Animal Physiology

Gas exchange is vital for animals that use oxygen and produce carbon dioxide. In animals, different strategies have been selected through evolution.

Aquatic and terrestrial animals do not face the same problems to survive. Water is a viscous habitat with poor oxygen concentration when air is rich in oxygen but fails to counterbalance gravity.
Evolution has selected systems that allow gas exchanges in both habitats. Aquatic animals share gills that float and water streams renew gas availability. Terrestrial animals breathe through lungs (mammals for example) or trachea (insects for instance). Both systems have in common reinforced and stiffened tubes that cannot collapse and allow air renewal.
Some animals live in a habitat but breathe in another. Cetacean are aquatic animals but breathe air through lungs…
Others, like frogs, evolve and breathe in water when they’re young, then in the air when they’re adults. They do have gills as tadpoles and after lungs develop.

Nitrogenous waste has to be eliminated from the animal body. Excretion is the key to do so but that function differs between animal species.

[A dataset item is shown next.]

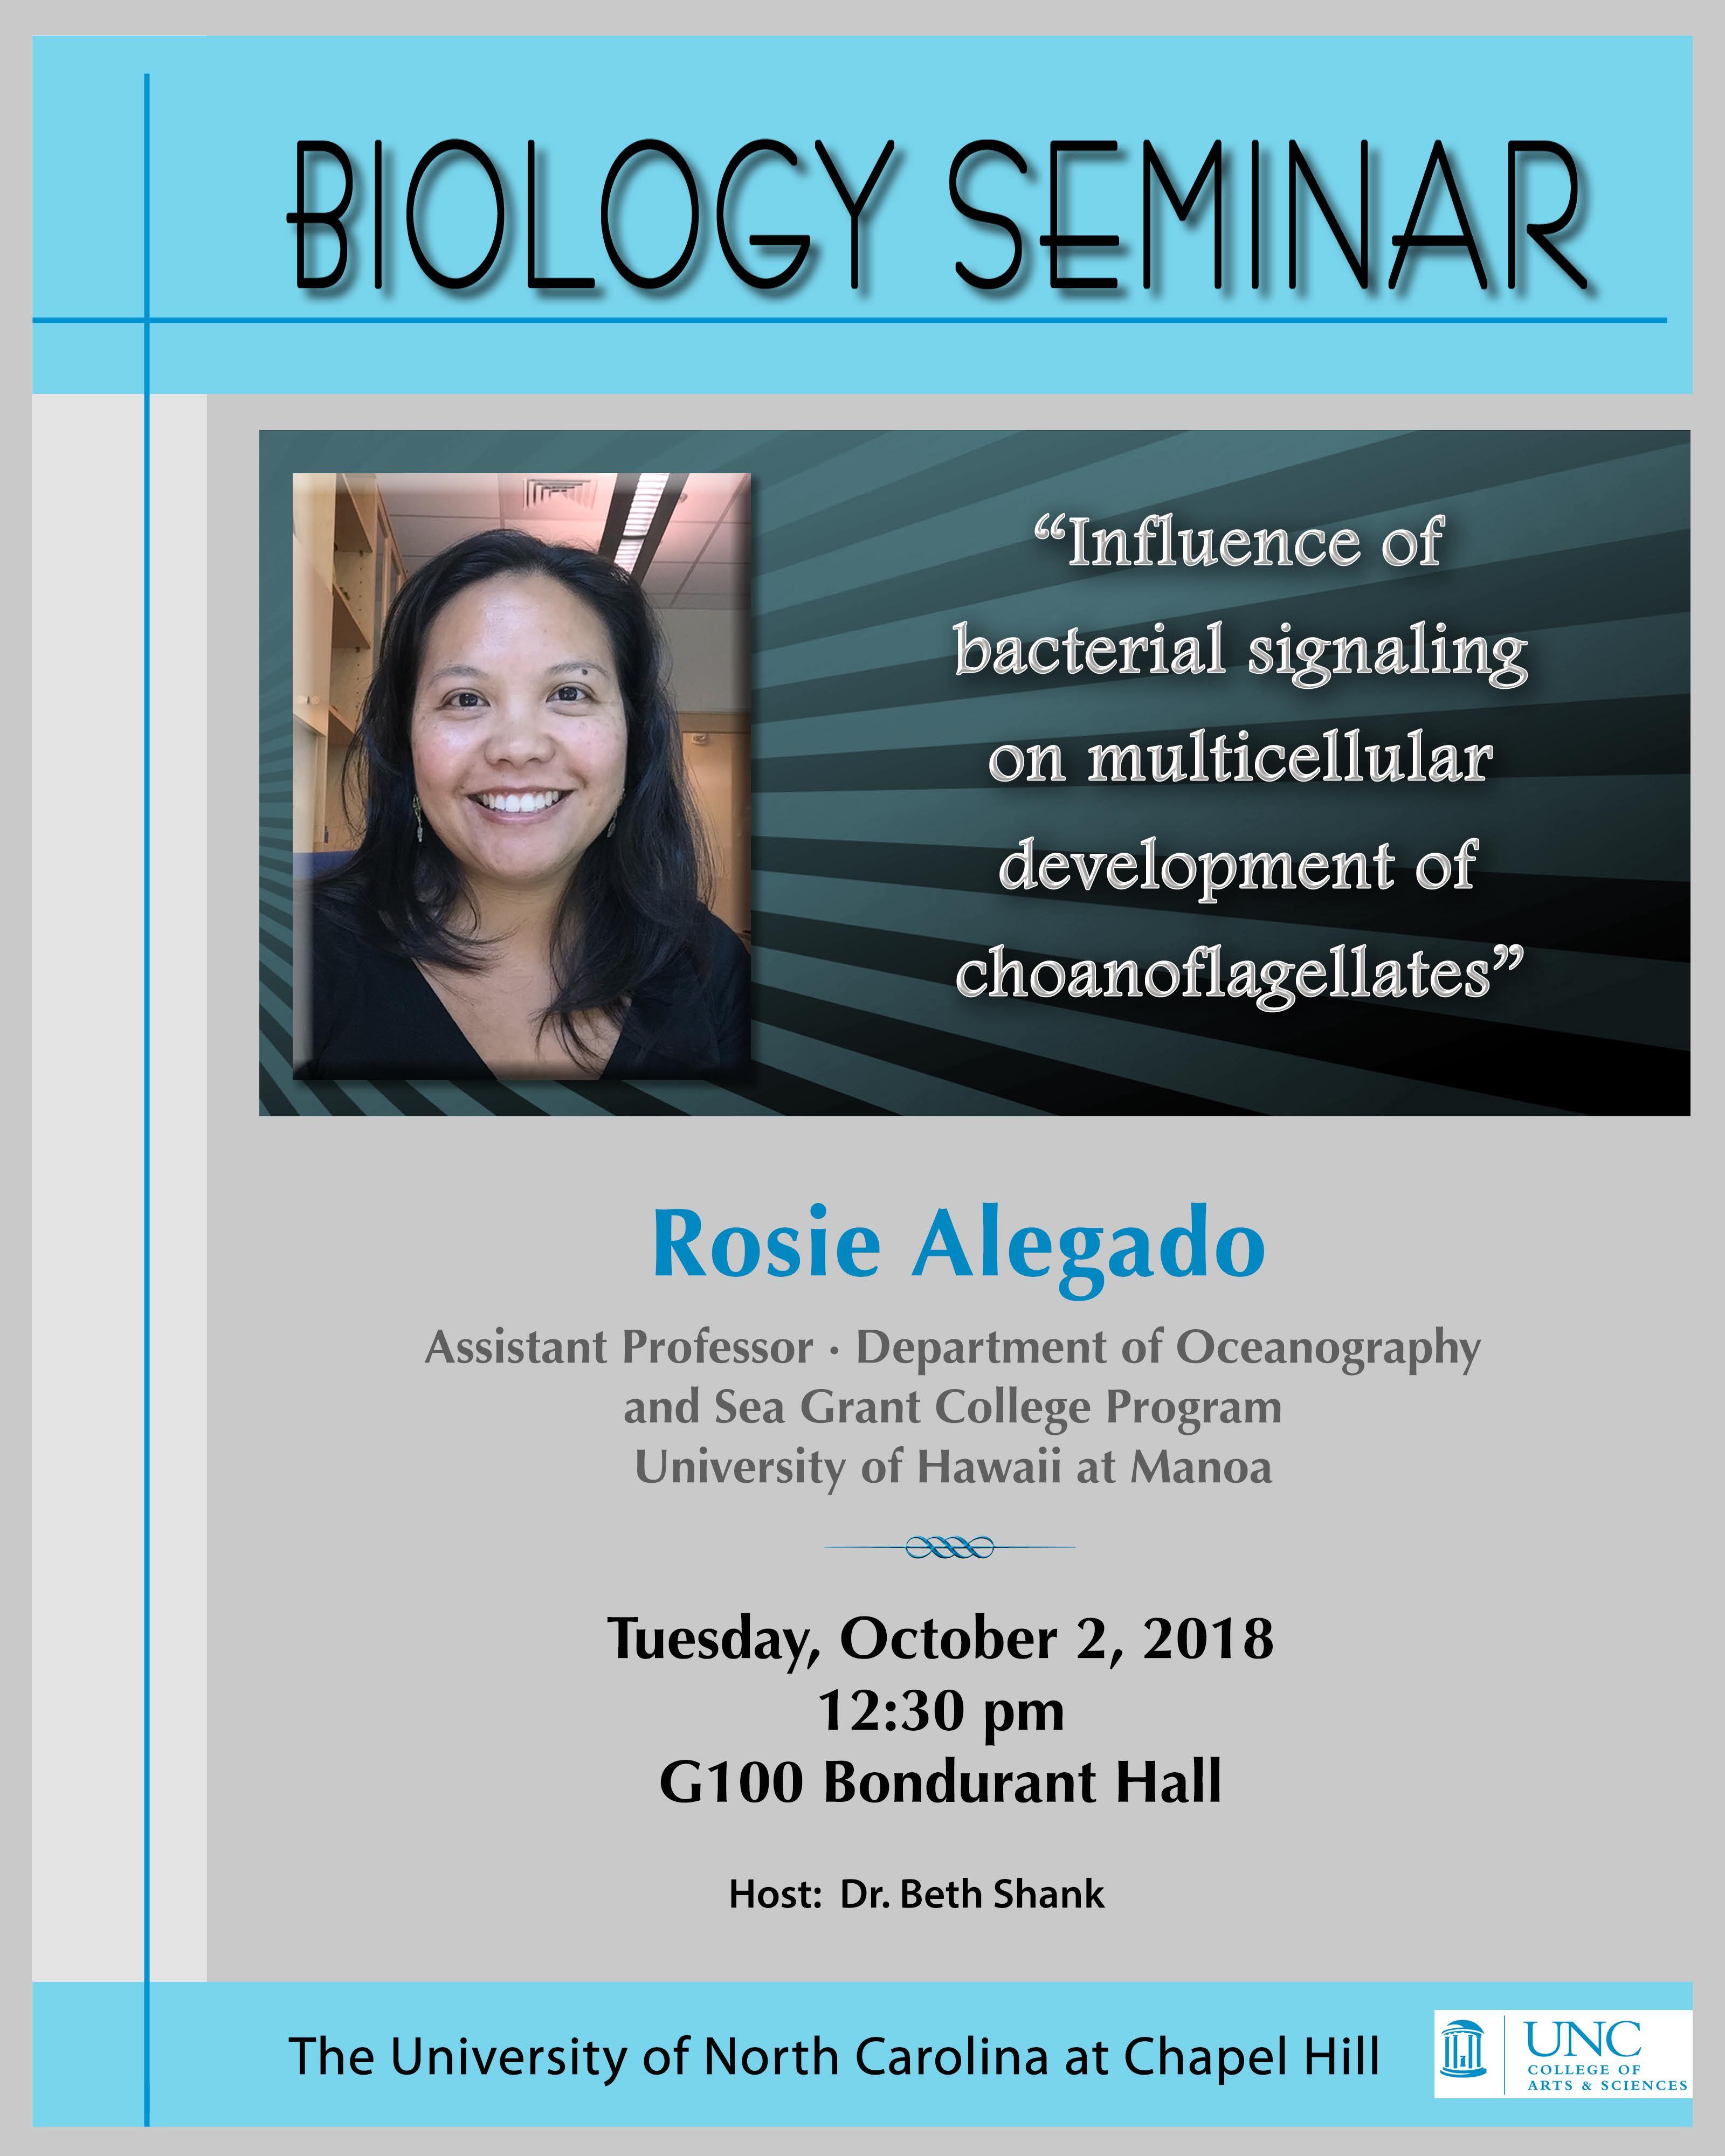 10-02-18_Rosie Alegado seminar - UNC DEPARTMENT OF BIOLOGY

Metabolic waste can be dangerous to the animal body. It has to be eliminated. Nitrogenous waste is a fine example of this function and can be achieved through various mechanisms according to the habitat. We can distinguish animals that excrete:

1. Ammonia that is highly toxic and requires a lot of water to be diluted (fresh water fishes)
2. Urea that is less toxic and can be concentrated allowing a less important loss of water (mammals)
3. Uric acid that is not toxic and can be eliminated in a solid form (birds)

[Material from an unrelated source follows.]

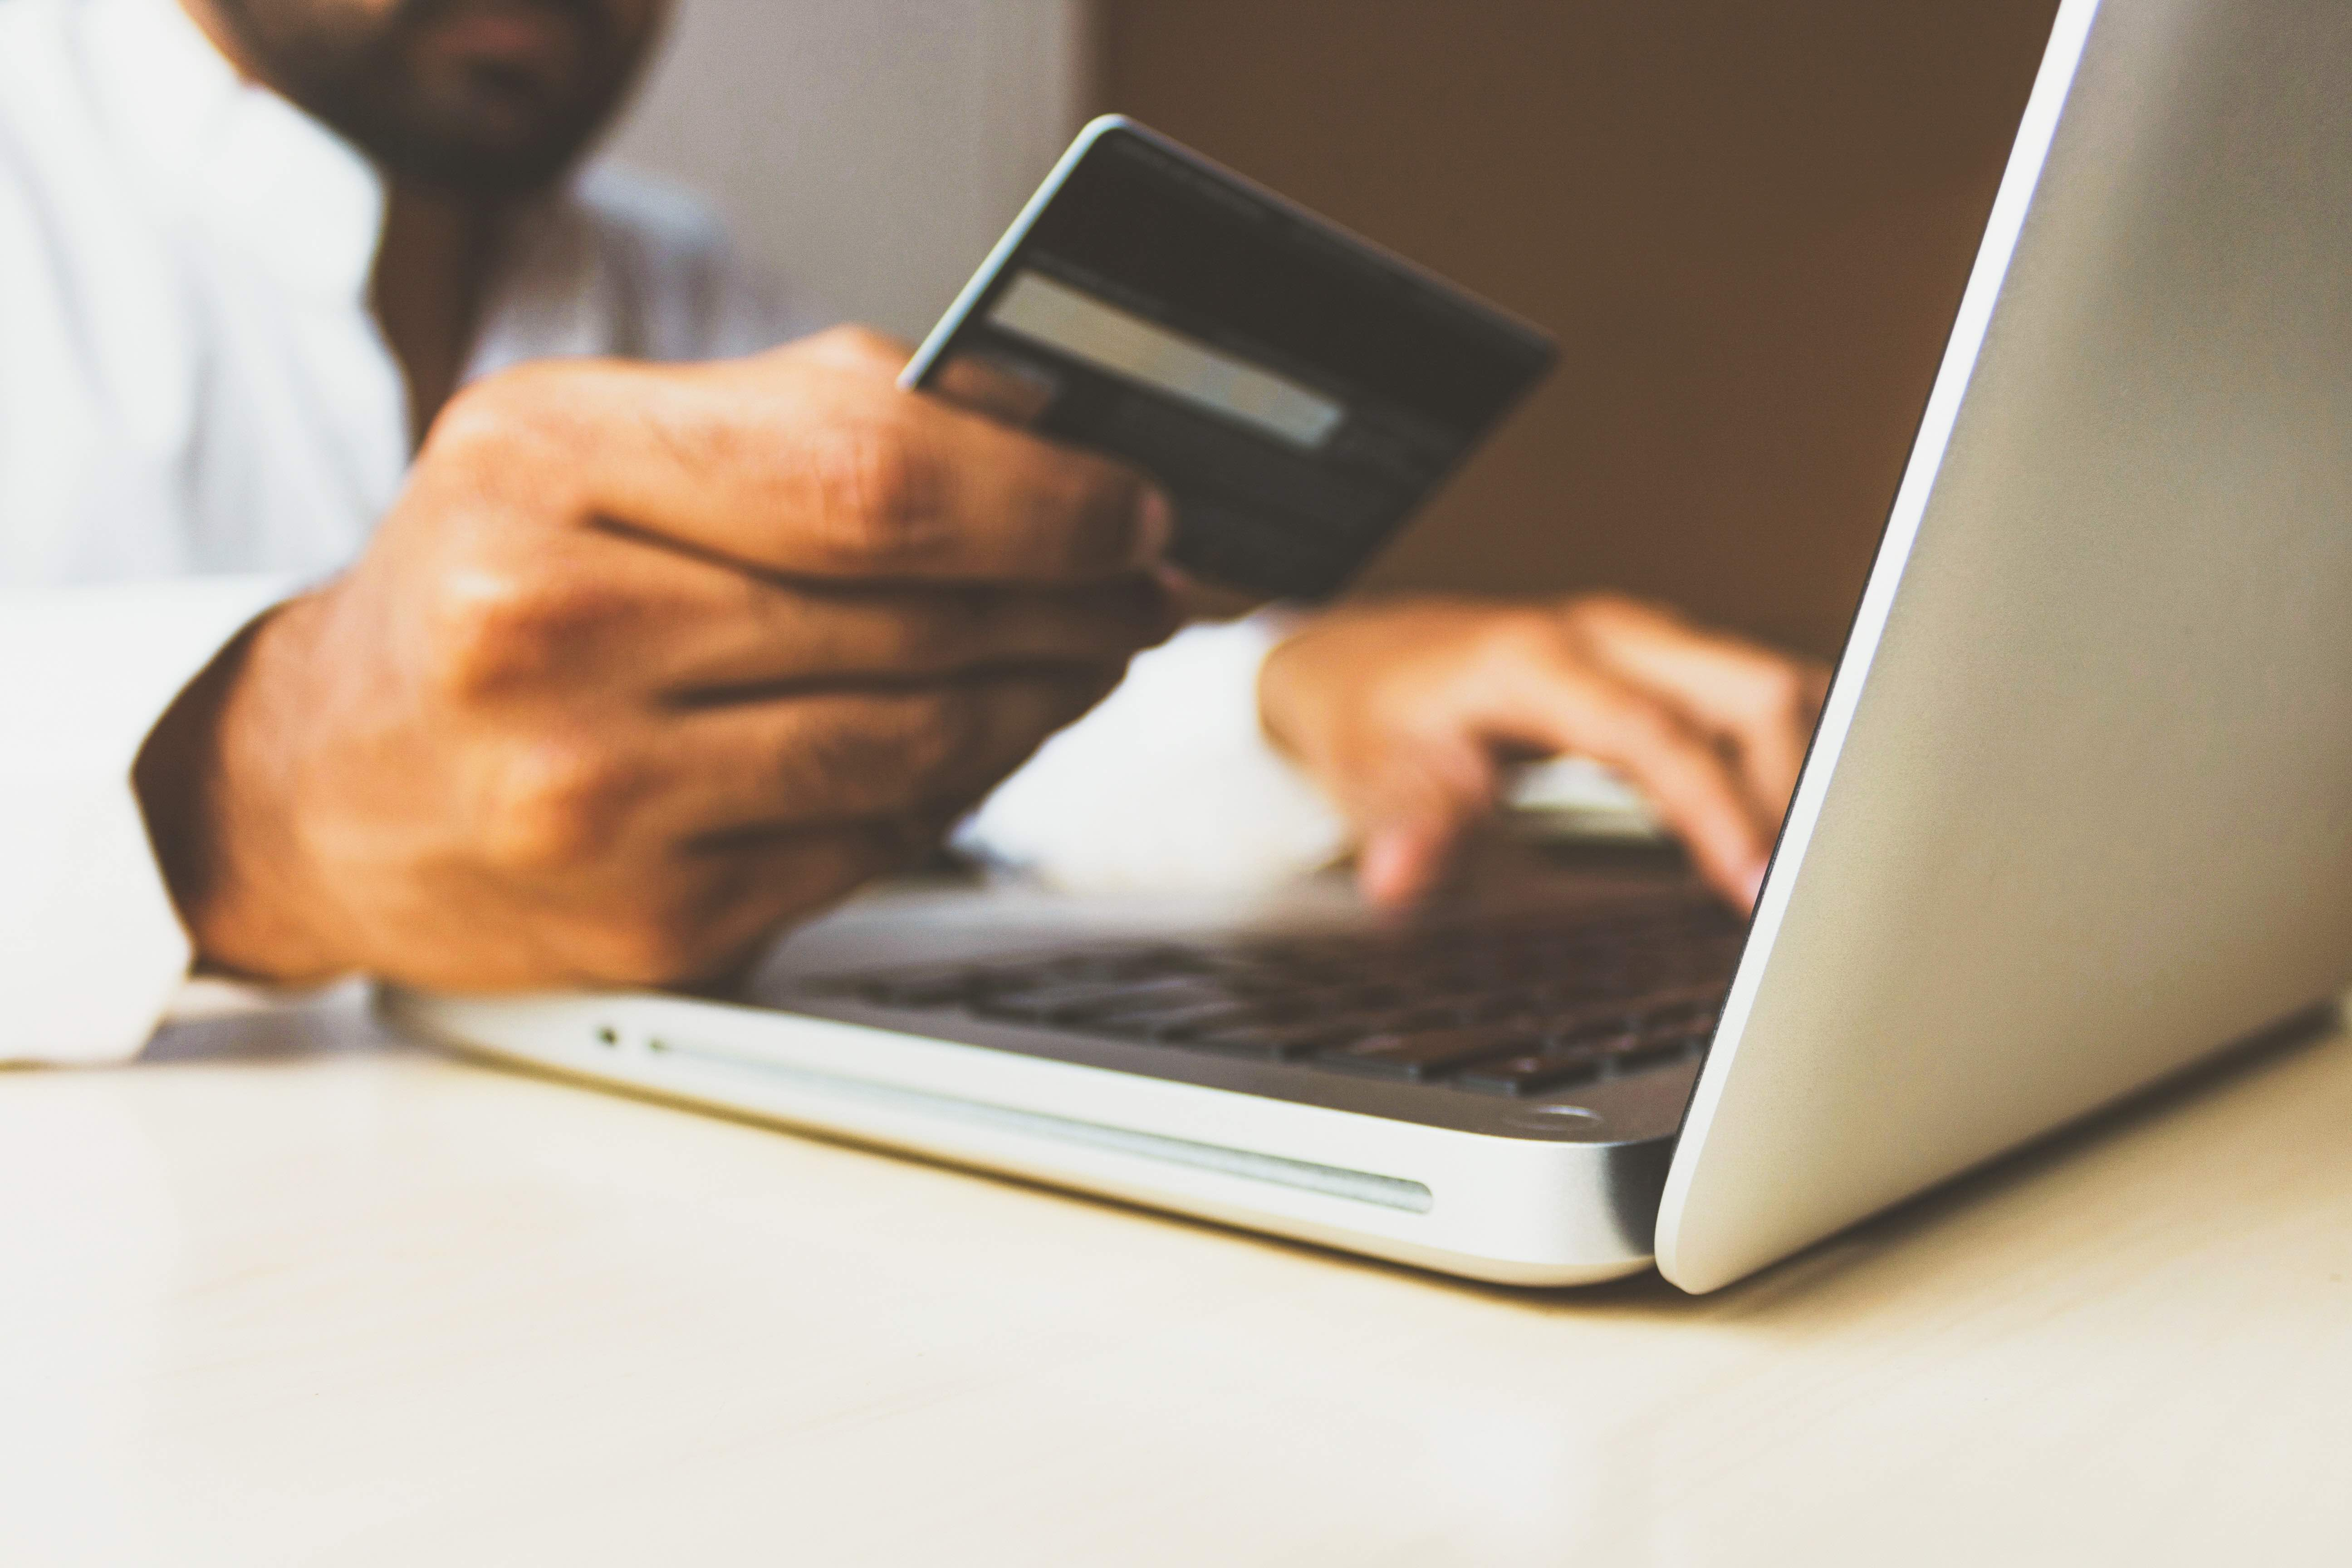 black friday ecommerce cyber monday 2020 tips

Those mechanisms have been selected through evolution as they ensure nitrogenous elimination allowing in parallel osmoregulation (intern solutes concentration) and preventing dehydration for terrestrial animals.

Most of animals do move in their environment. This characteristic comes from muscles and some type of skeleton.

Animals share muscular cells that can contract. In those cells, protein architecture (actin and myosin) leads to filaments sliding when cells are excited through an ATP consuming process. Motion is only possible because those cells are regrouped into tissues and linked to a type of skeleton.
That skeleton can be made of water (earthworm’s hydroskeleton) or stiffened material.
We can distinguish animals with:

• An internal skeleton such as vertebrates (bones and cartilages)
• An external skeleton such as insects (chitin)

Animals share sexual reproduction and thus produce sex cells. However, some animals can be hermaphrodites.

Animals produce gametes through a precise process in their gonads, testes and ovaries. Spermatogenesis produces male sex cells. Diploid cells undergo mitosis continuously to keep their great number and a part of the pool undergoes meiosis to produce haploid cells. Those cells go through differentiation to acquire their mobility for fertilization.
Oogenesis is a cyclic process that selects a few cells to undergo first stages of meiosis and differentiate increasing cell food stock needed for the beginning of embryonic development.
In most animal species, male gametes are produced in greater quantity than female gametes. Some animals can produce both male and female gametes (snails for example). However, they cannot self-fertilize.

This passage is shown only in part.